Asmuth: Auf jeden Fall sollte es Räume zum Austausch geben. Zum Beispiel ein offenes Foyer mit einem Café oder einem Biergarten zum Hofgarten hinaus. In Bochum treffen sich die jungen Leute zum Beispiel gerne auf dem großen Vorplatz, auch das Schauspielhaus ist ein gutes Beispiel. Kleinigkeiten wie in Teilen geschlechterneutrale Toiletten könnten das Gebäude nahbarer für einige Menschen machen. Man sollte jedenfalls nicht das Gefühl haben, man betritt ein Museum, sondern sich frei bewegen können. Ich würde mir Orte in und um die Oper herum wünschen, die man nicht nur im Abendkleid, sondern auch in Jeans betreten darf.

Aktuell werden die Gesamtkosten auf 750 Millionen Euro oder sogar noch höher geschätzt. Wie bewertet ihr diese Zahlen?

Grabbe: Selbstverständlich benötigt ein solches Vorhaben große Investitionen. Aber gerade in diesen Zeiten klingen die Kosten schon realitätsfern. Vielleicht sollte man überlegen, einen Teil davon in musikalische und künstlerische Bildungsarbeit zu stecken, um auch Jugendliche wieder an die Oper heranzuführen.

Asmuth: Ich würde sagen, hier kommt es auf das Preis-Leistungs-Verhältnis an. Wenn wieder nur ein kleiner Teil von Menschen das Gebäude nutzen wird, weil es nicht barrierefrei oder die Karten zu teuer sind, ist es schlecht angelegt. Aber wenn es klimaneutral, bildungsgerecht und der Öffentlichkeit zugänglich gebaut wird, ist es vielleicht gut investiert.
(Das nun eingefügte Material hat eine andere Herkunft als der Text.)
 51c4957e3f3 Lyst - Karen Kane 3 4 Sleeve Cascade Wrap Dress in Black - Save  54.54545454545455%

Es muss also ein Gebäude werden, welches alle Bevölkerungsschichten nutzen können. Dann würde ich sagen: Nehmt das Geld, aber macht etwas Gutes daraus.

Generationengerechtigkeit ist ein häufiges Stichwort. Was wünscht ihr euch konkret von der neuen Oper?
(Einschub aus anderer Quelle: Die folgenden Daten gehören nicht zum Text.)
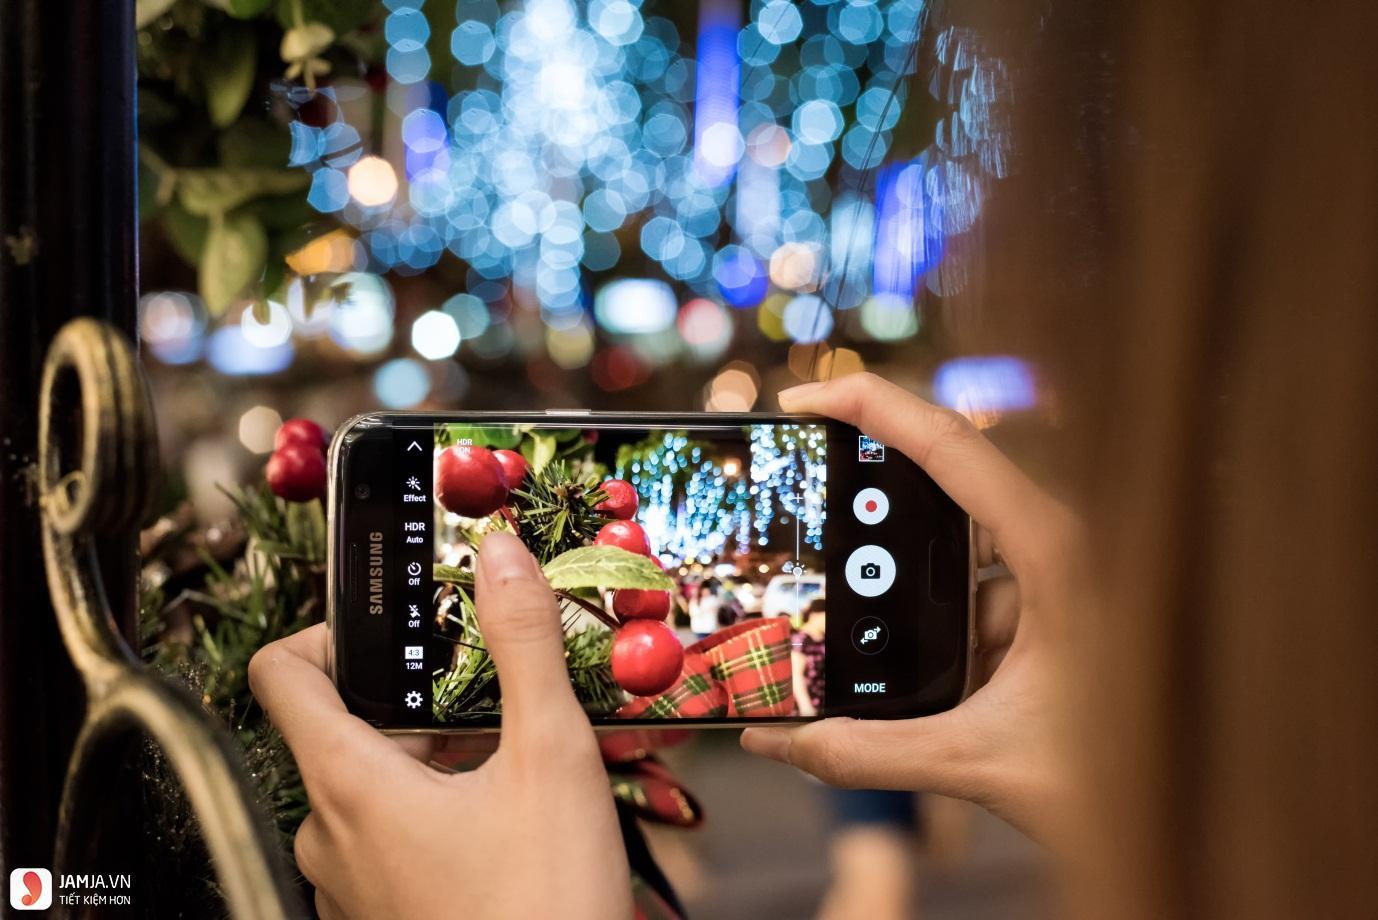 điện thoại Samsung S7 Edge camera

Grabbe: Auch im künstlerischen Bereich gerät man manchmal mit Älteren in einen Clinch, wenn man bei einer Aufführung Dinge überdenken möchte. Das ist ja nichts Schlimmes. Wir sehen nur sehr viel mehr Potenzial in der neuen Oper, welches ausgeschöpft werden muss.

Asmuth: Wir sind ein kleiner Kreis, der eine krasse Leidenschaft für die Oper entwickelt hat. Wir stehen damit alleine in unserer Generation, wollen aber, dass davon alle profitieren können. Das gilt insbesondere für das neue Haus.